If she's really young, you may want to opt for a bath, brush, nail trim, and light trim; which would include her paw pads, cleaning out her eye areas, sanitary areas, rounding her feet, etc. 

I really don't like putting puppies through "the works" their first time being groomed...some puppies take it well, but others are just too scared, and you may wind up doing more harm than good in the long run for your dog.

Also the 'true' puppy cut is a poodle trim, and has fluffy legs, not just one length all over.


----------



## Ruby_S (Apr 26, 2009)

Yea i took her to Petsmart. They just did the puppy trim cuz they said she was too young still. They did ok....until i got there...they were still working in her and the groomer was getting ready to trim her nails when Ruby fell off the table...t=it looked like she slipped off the leash...thankfully she was ok


----------



## Love's_Sophie (Sep 23, 2007)

Geepers, after 4 hours, you'd think she could have atleast been finished by the time you got there; and then to have her slip off the table with you there too (a loose loop is a groomer's fault)...not extremely professional in my opinion. Perhaps look around for other groomers now that she's been done, as you will have some time before she will need another groom.


----------



## Ruby_S (Apr 26, 2009)

True...I was planning on looking for a new one...im going to start asking people i know for different groomers recomendations


----------



## Raggs (Jan 10, 2007)

the grooming loop doesn't keep the dog in it.. it works kinda like a slip knot.. it doesn't tie shut.. it's supposed to easily open and close.. if a dog pulls back the head will slip right out of the loop. .. dogs back off the table all the time. so don't go blaming groomers for not have the loop tight enough.. it's mainly there to keep them steady and mostly it's a distraction. dogs get out of them all the time.


----------



## Ruby_S (Apr 26, 2009)

I understand that, but my dog is 2 lbs and she didn just back off the table, she fell off and when the groomer tried to break her fall by catching her somehow she also slipped from her hands and fell onto the floor. im just glad she wasnt injured.


----------



## Raggs (Jan 10, 2007)

Poor thing.. My boy is also 2 pounds a fall like that can seriously injure them.
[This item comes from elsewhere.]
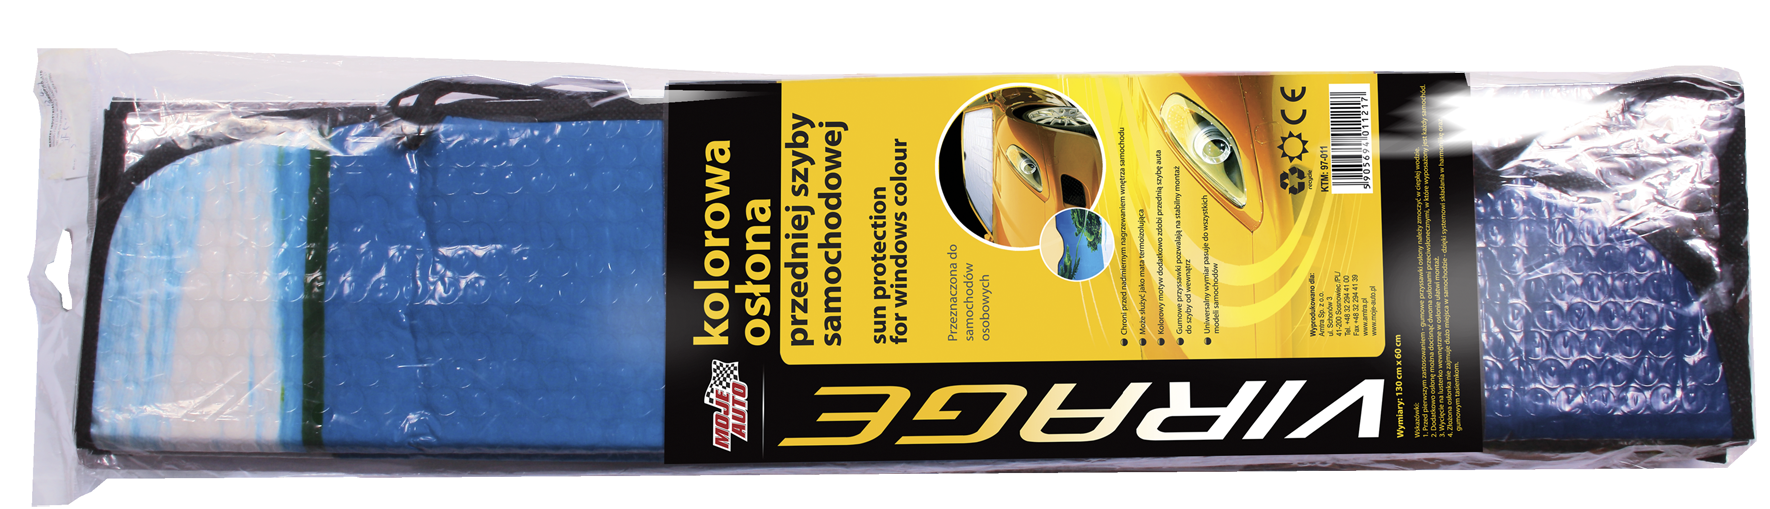 Windscreen cover VIRAGE 97-011 5905694011217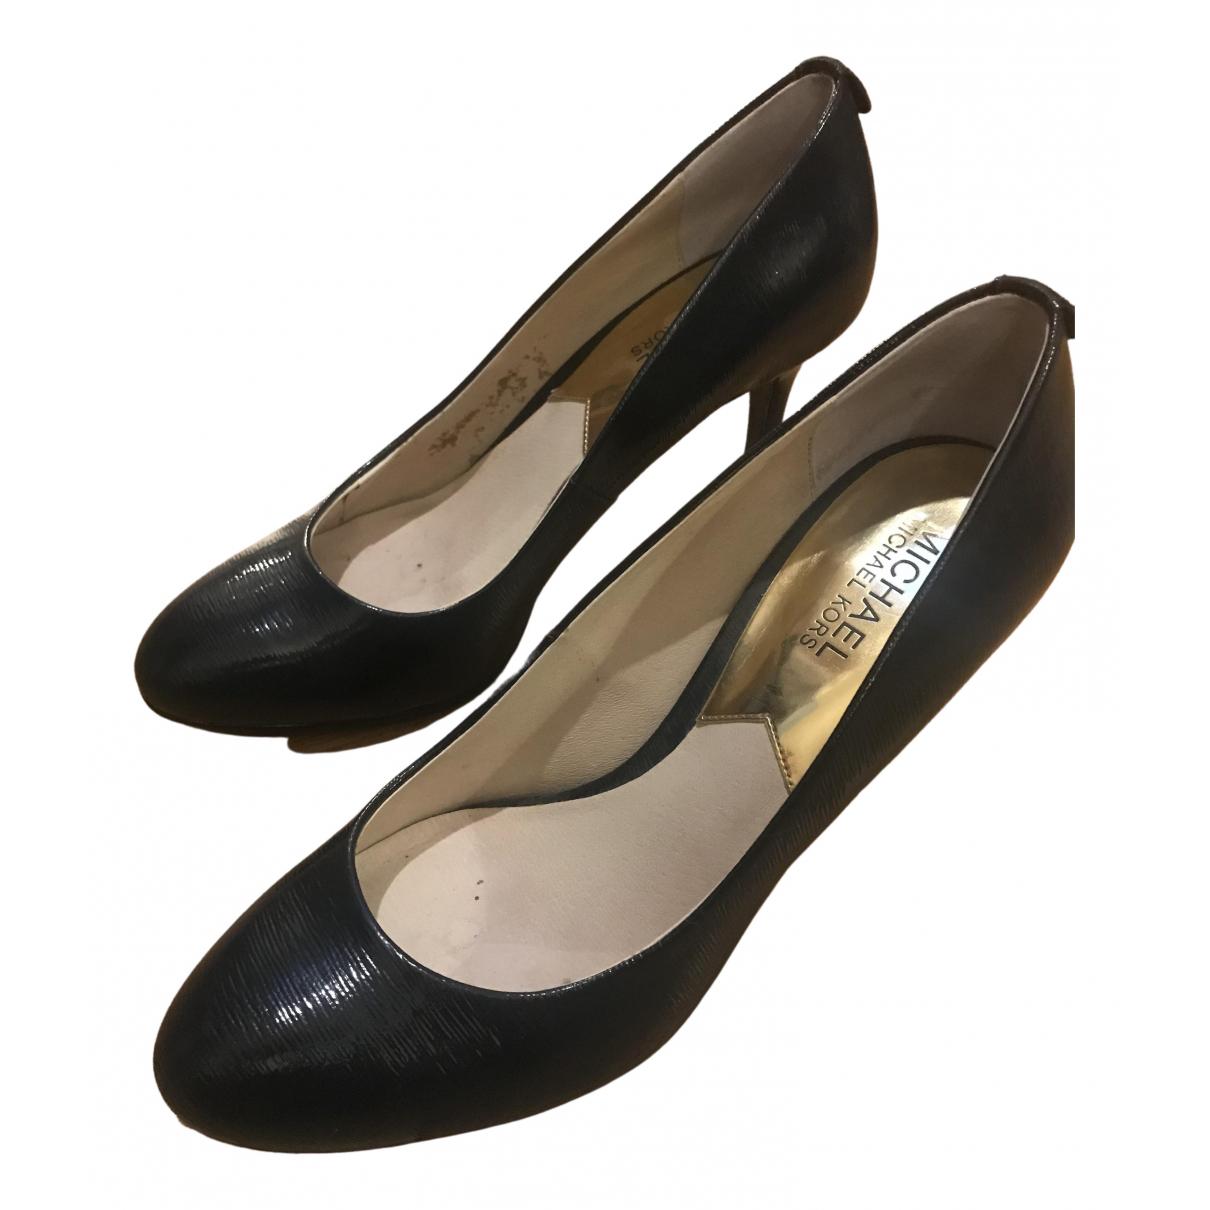 Michael Kors \N Blue Leather Heels for Women 8.5 US

I've caught my own boy from falling several times.. He jumps and just goes right over my arms... It scares the crap out of me...


----------



## HORSEandHOUND (May 28, 2009)

i'd just do a sani trim (round feet, clean excess hair from eyes and bum) until about 7 months when her coat changes. at that point brush daily if you arent already because she will start to matt like crazy! 
then find a groomer you like ask for a #3 on the body with scissored legs, round face with tipped ears. that's the description of a puppy cut for a yorkie.

word to the wise: dont ever ask a groomer for a "puppy cut" it means nothing. Describe what you want. length of body, do you want legs the same length or shaped? ears long or short? what shape for the face?
if you just say "puppy cut" you'll be disappointed when your groomer doesnt read your mind.. and it's not their fault. <take it from an ex groomer>


----------



## Raggs (Jan 10, 2007)

HORSEandHOUND said:


> word to the wise: dont ever ask a groomer for a "puppy cut" it means nothing.


thank you..


----------



## Ruby_S (Apr 26, 2009)

HORSEandHOUND said:


> i'd just do a sani trim (round feet, clean excess hair from eyes and bum) until about 7 months when her coat changes. at that point brush daily if you arent already because she will start to matt like crazy!
> then find a groomer you like ask for a #3 on the body with scissored legs, round face with tipped ears. that's the description of a puppy cut for a yorkie.
> 
> word to the wise: dont ever ask a groomer for a "puppy cut" it means nothing. Describe what you want. length of body, do you want legs the same length or shaped? ears long or short? what shape for the face?
> if you just say "puppy cut" you'll be disappointed when your groomer doesnt read your mind.. and it's not their fault. <take it from an ex groomer>


This is really good advice thank you


----------